What to do>
From the first line of the data below through the line bearing "11:57 PM, October", reproduce each line exactly; do not include pictures.

Data segment>
------------------------------------------------------------
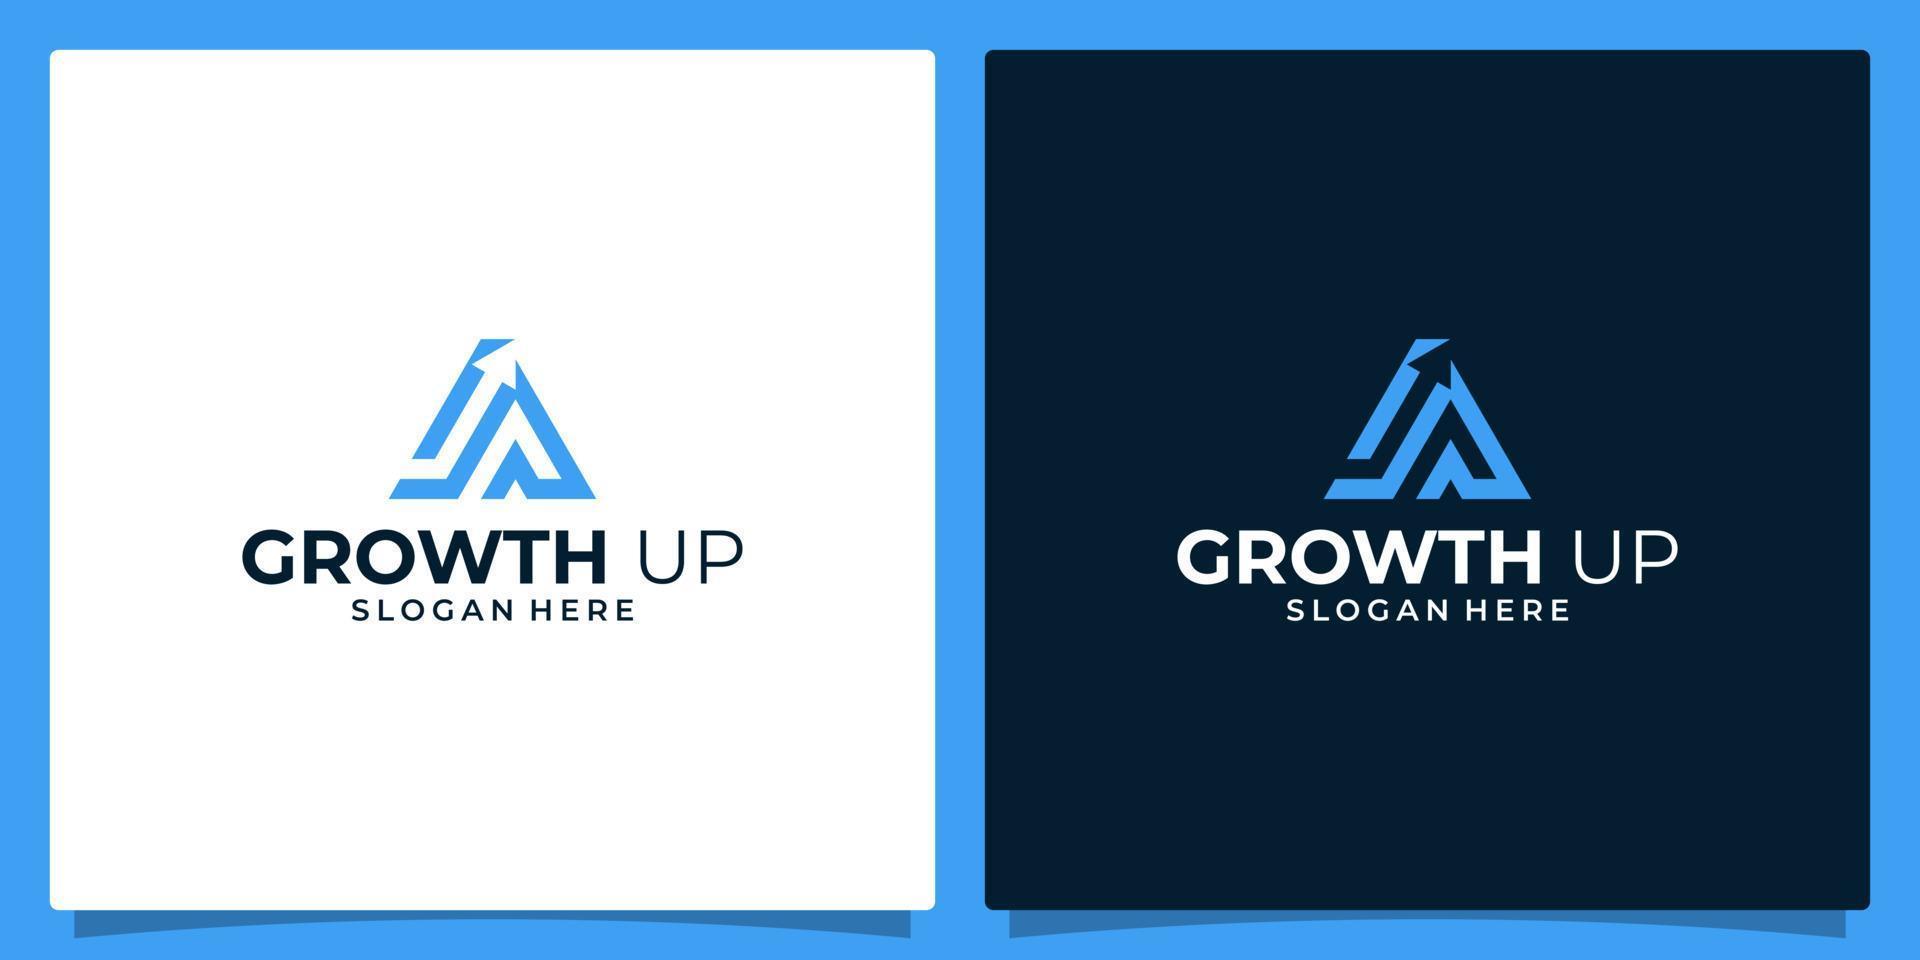 Growth arrow logo icon design and initial letter A logo abstract vector illustration graphic design. Flat Vector Logo Design Template Element
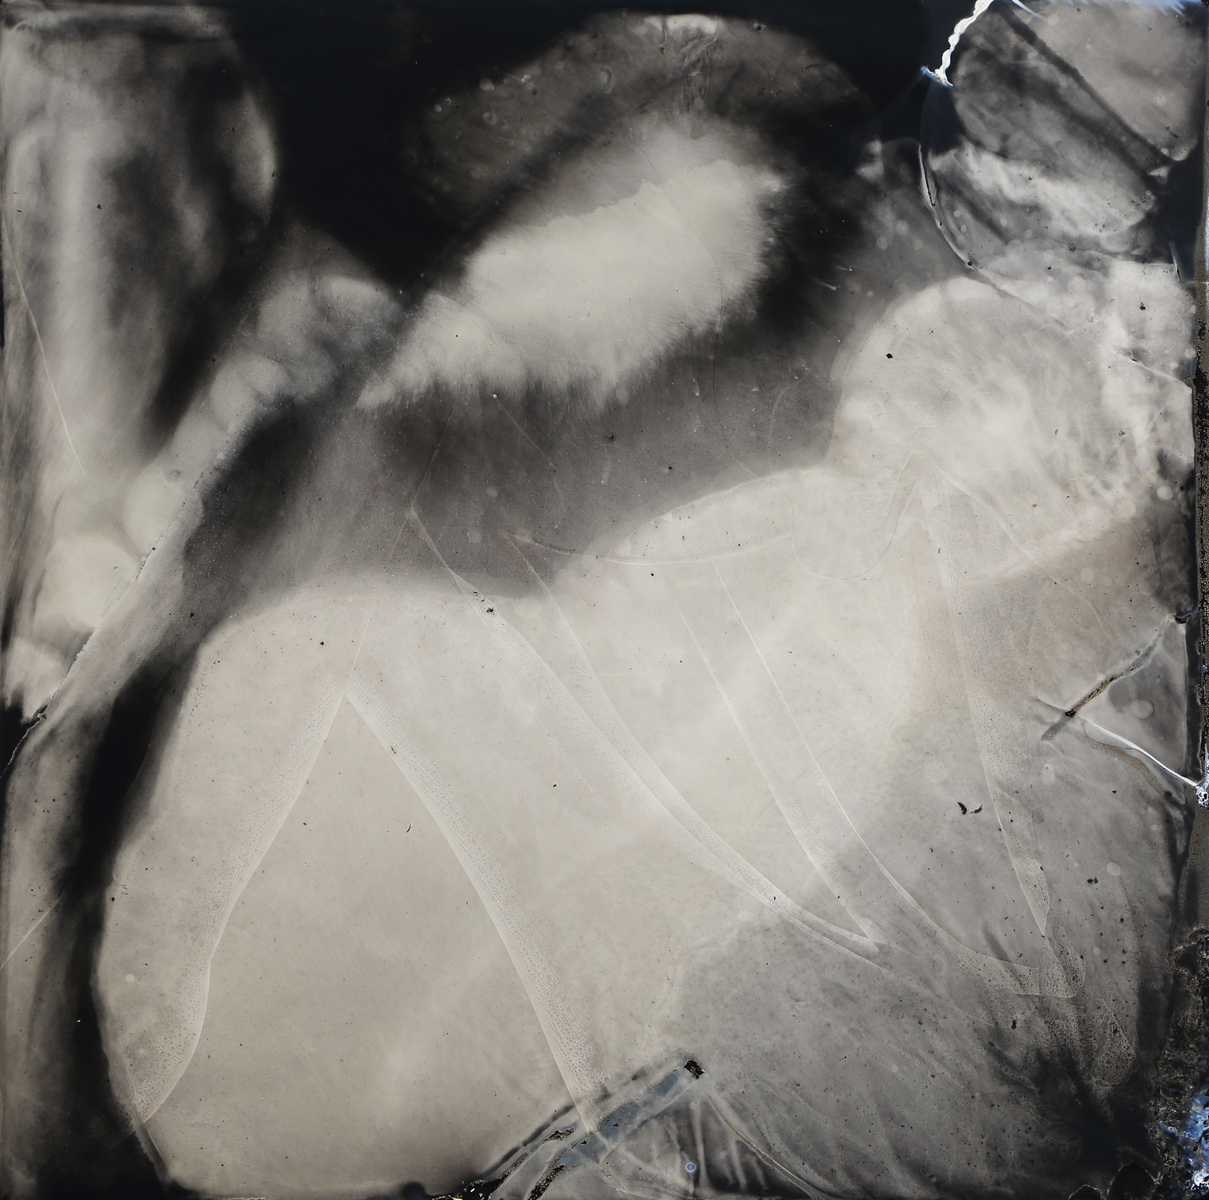 11:57 PM, October 2, 2015. Collodion tintype, 24x24 inches.
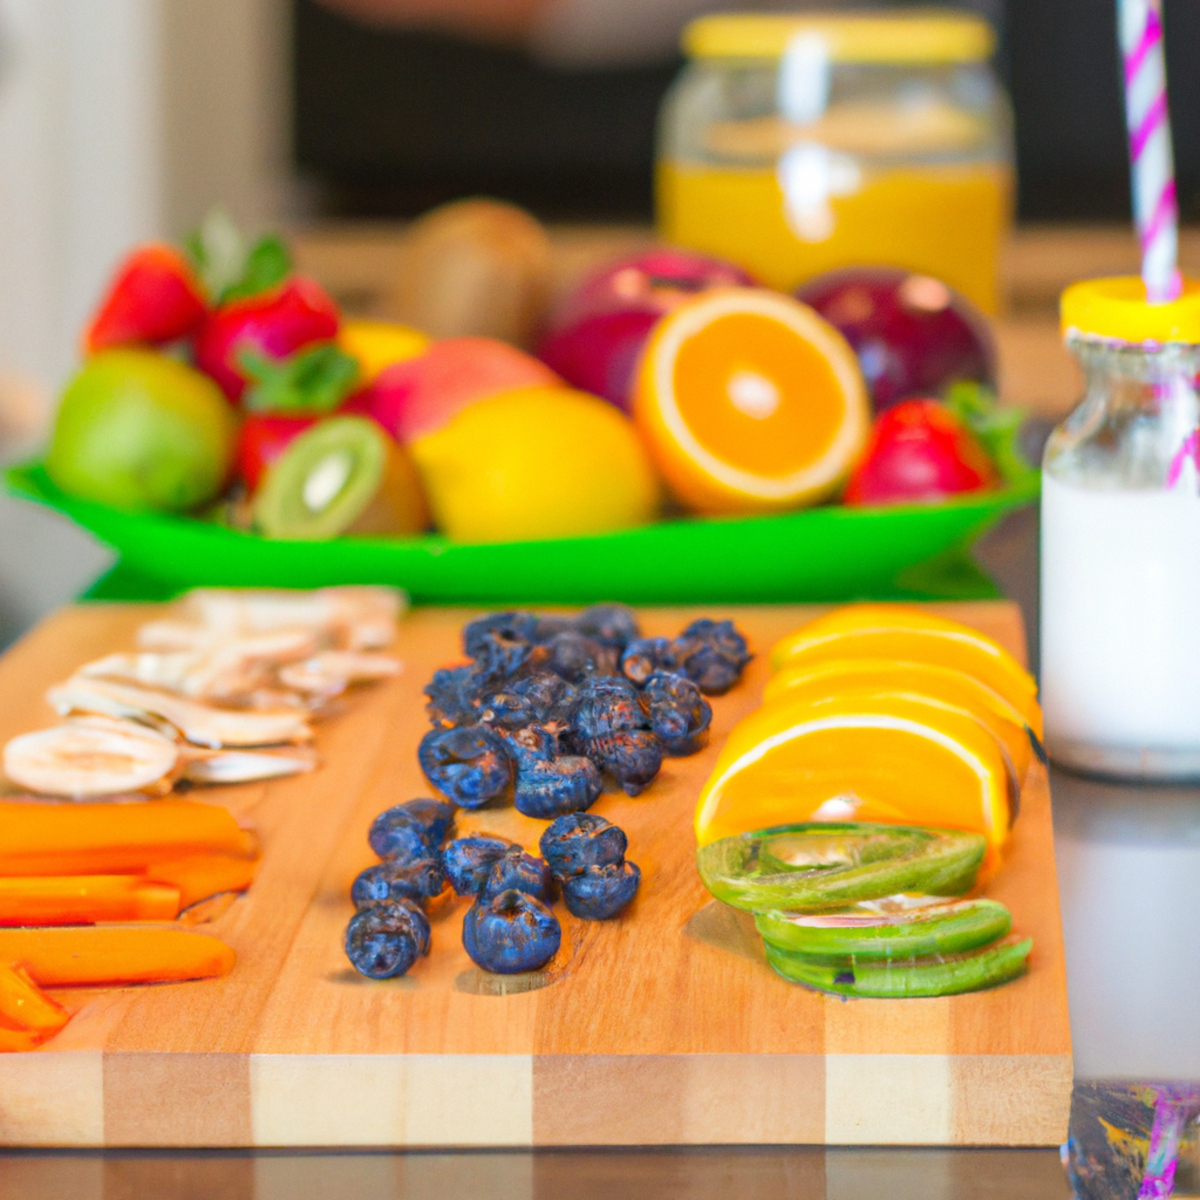 The photo depicts a close-up of a wooden cutting board with various colorful fruits and vegetables arranged in a neat row. Among the produce are sliced kiwis, strawberries, blueberries, and carrots. In the background, a glass jar filled with homemade yogurt sits on a kitchen counter. The vibrant colors of the fruits and vegetables suggest a healthy and balanced diet, while the jar of yogurt alludes to the importance of probiotics in maintaining gut health. The photo captures the essence of the article's message: that a diet rich in probiotics and whole foods can play a crucial role in preventing and managing diseases.
------------------------------------------------------------
Written response>
 Growth arrow logo icon design and initial letter A logo abstract vector illustration graphic design. Flat Vector Logo Design Template Element
 11:57 PM, October 2, 2015. Collodion tintype, 24x24 inches.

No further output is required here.